Microsoft Batch Translation Step

From Okapi Framework
Revision as of 22:36, 24 April 2019 by Kuro2 (talk | contribs)
(diff) ← Older revision | Latest revision (diff) | Newer revision → (diff)
Jump to navigation Jump to search

Retirement of version 2 API

MICROSOFT CONNECTOR of the Okapi stable releases will STOP WORKING at the end of April, 2019.

Microsoft will retire their version 2 API on 2019-4-30 as described in this page. Because of this, the Microsoft Connector found in the latest stable release, M37, will no longer work on and after 2019-5-01.

The support of the version 3 API has been added to Okapi in mid April after the M37 release. If you need to use Microsoft's machine translation service, please pick up the M38 snapshot version from here. Please note this is a minimal implementation and it does not support any new features such as profanity filtering,

Because the version 3 API no longer supports the translation memory, that aspect of function is not available even if you use the latest Okapi M38 snapshot version.

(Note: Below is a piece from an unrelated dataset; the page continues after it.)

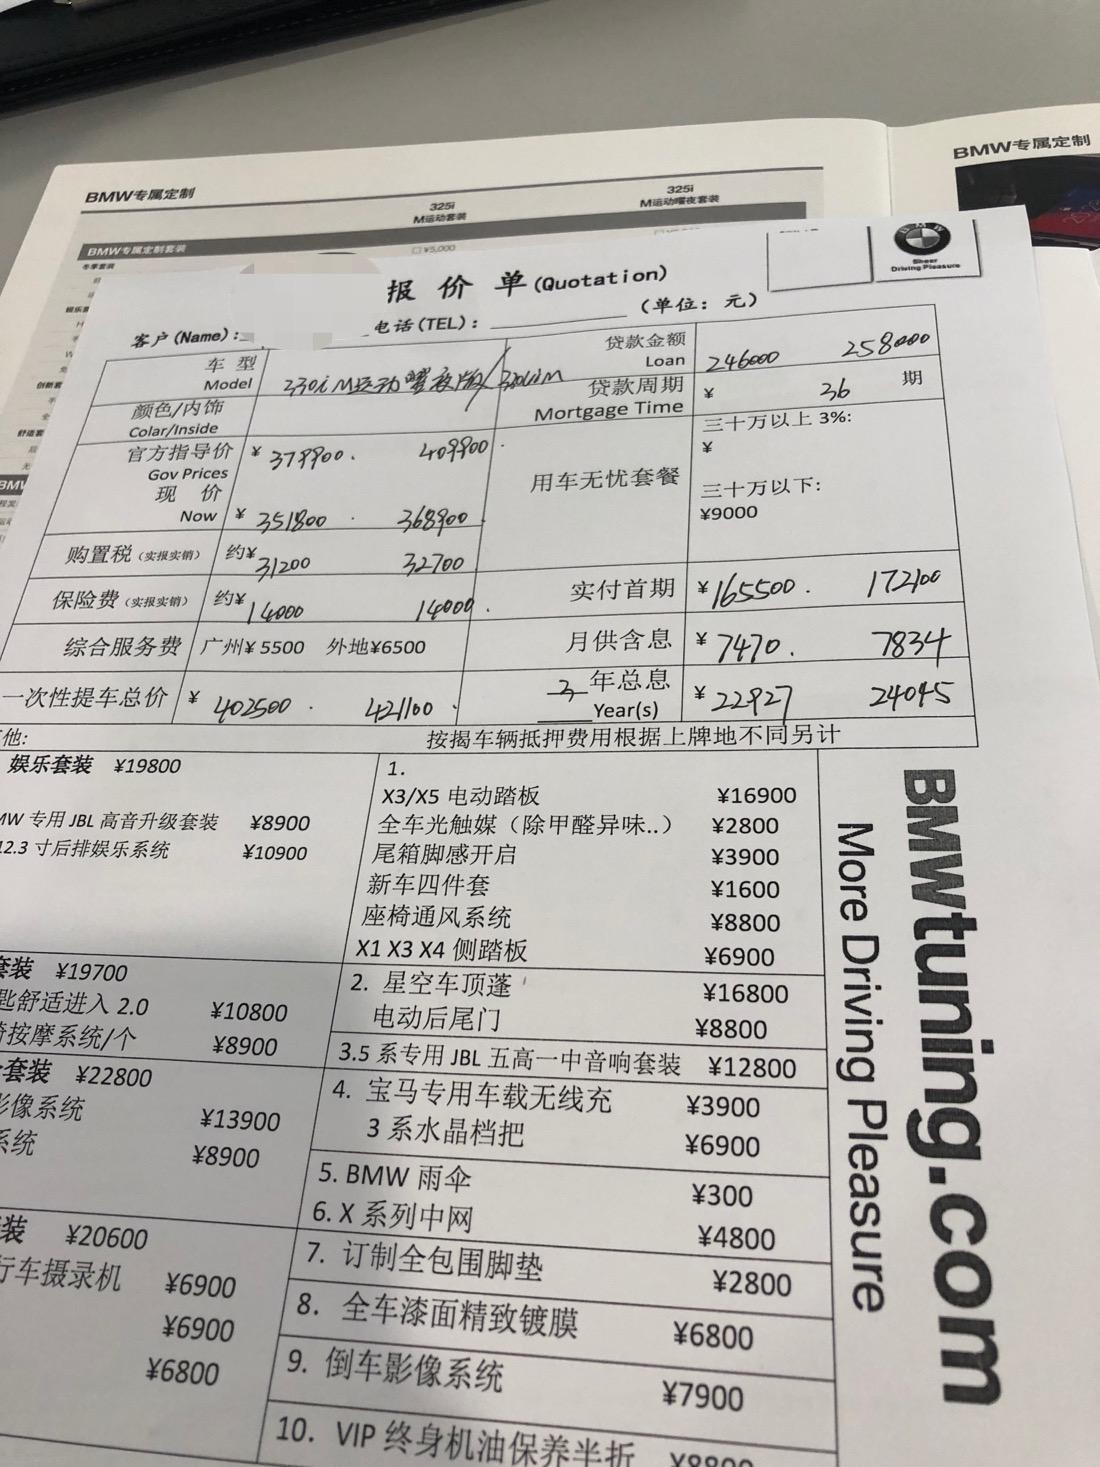 宝马3系 广州地区，330li谈的最终全款落地价格是41.5万，不知道贵不贵，贷款差不多43万多了，全款只有一个综合服务

You will need an "azure key" to use the version 3 API. If you already have a key for version 2, the same key should work. For information on how to obtain an azure key, please see this page.

Information below is mostly out of date. It is kept as reference until full update of this page is done.


This step annotates text units of the input documents with Microsoft Translator candidates or/and creates a TM from them.

Takes: Filter events. Sends: Filter events (possibly annotated) or raw document.

You must have a "Client ID" and a "Client Secret" from Microsoft to use this step. If you get those by obtaining a Windows Live ID, and then registering an application in your Live account. See the MSDN pages for more information.

You must also respect Microsoft's Terms of Service. If you intend to use the Microsoft Translator API for commercial or high volume purposes, you would need to sign a commercial license agreement and provide your AppID to the Microsoft Translator team. For more details contact

Text units flagged as non-translatable are not send for translation.

Note that using the Leveraging Step with the Microsoft Translator Connector will produces MT results similar to this step. However, this step can process several text units at once and therefore is much faster.

Improving automatically MT output can be done in some cases. For example extra or missing spaces around inline codes can be fixed with the Space Check Step.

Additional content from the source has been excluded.